Wednesday, January 15, 2020

Well-Read Black Girl edited by Glory Edim

I write a lot. I write for my job - endless lectures, syllabuses, assignments in which the directions have to be crystal clear, emails to students, co-workers, and administrators, I write in a daily journal every night, and I write in this blog space that makes it seem like it's 2007 all over again. I write primarily for communication at my job. I write primarily as a record of my own life in my journal. I write here mostly to keep track of the books I read and how proud I am of my dog. 

But I'm not a writer. I don't feel like part of me is missing when I accidentally forget to write in my journal at night. I don't go around thinking original thoughts that I just have to have written down.  Words don't eke out of my fingertips onto the page, as if a magical fairy has entered my body.
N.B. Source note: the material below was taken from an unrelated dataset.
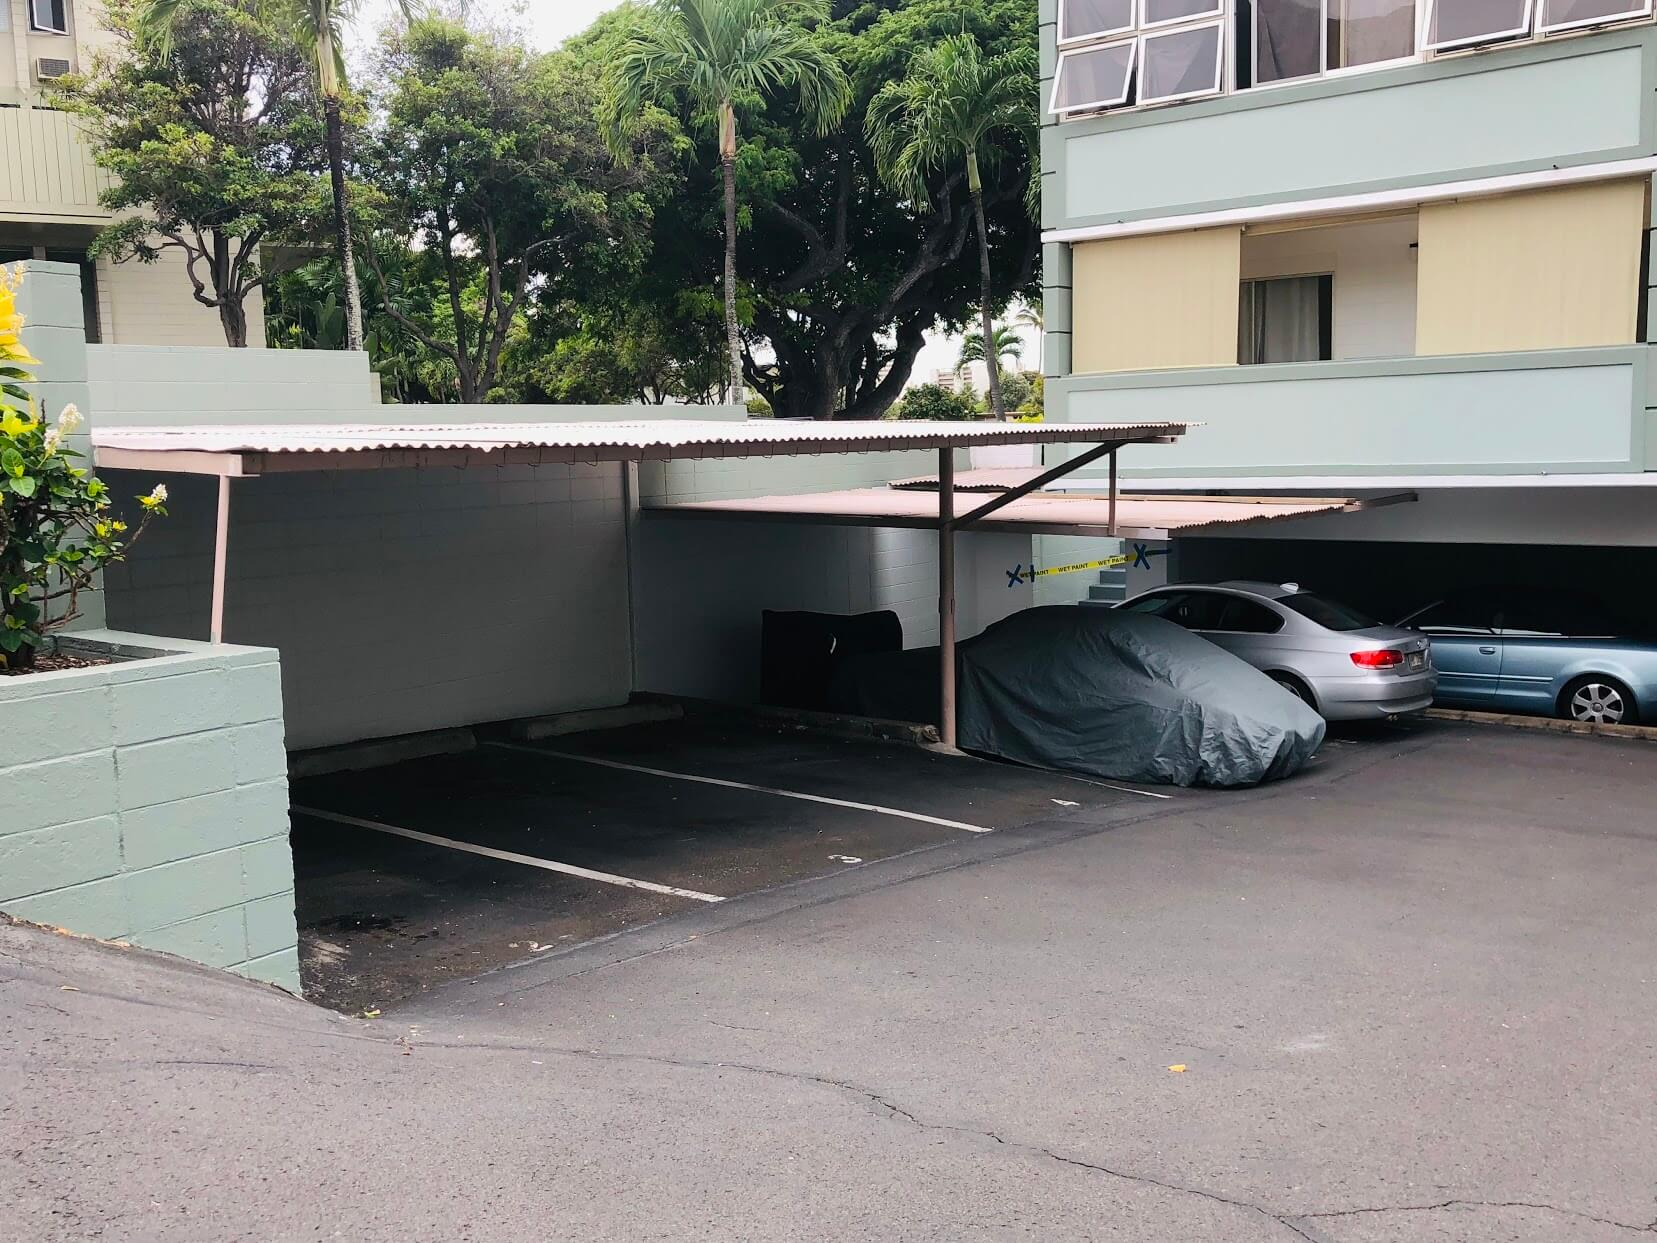 Hale Pua Leiの駐車場

No, I'm a reader.  I read the way other people watch television. I don't just sit down on the couch and randomly flip on the television. I sit down on the couch and reach for my book (and, if I can, the cat - it's so much cozier to read when you have a cat on your legs, isn't it?).  I think about "my" books all the time. I talk about them all the time.

When I first looked at Well-Read Black Girl, I assumed that this would be like eating my vegetables. I'd read about how this collection of black female authors struggled as children and I'd get my dose of white guilt and that would be that. But I was so wrong. Because these aren't the stories of systematic oppression and racism, these are stories about readers.  Sure, some of these women suffered serious injustices and they write about those injustices, but they write about them in the service of telling you how they played a role in the development of their identities as readers.  So even though I was a white girl growing up in a rural area in the northern United States, I felt seen in this book. Their stories weren't my story, of course, but their stories were stories of characters who resonated (one of them cited Francie in A Tree Grows in Brooklyn and I squealed so loudly my husband and the dog came to check on me), of places that spoke to them, and of being able to, if only for those hours while reading the pages, visit places more adventurous, safer, or more magical than the world in which you lived.

I read these books and learned so much about the importance of Toni Morrison and James Baldwin within black culture. I learned how much harder it is to be a black nerd than a white nerd (the scant list of sci-fi/fantasy books by black women authors was sad). I learned that we are all united in the hunt for that one book that leaves that lasting impression. 

The book also has a list of all the books mentioned in the book. I'm going to use that list as a rough sort of Introduction into Black Literature for myself over the coming books. So don't be surprised if all of a sudden I'm reading Octavia Butler and Toni Morrison and starting to spout off about how I just don't have time to read all these amazing books!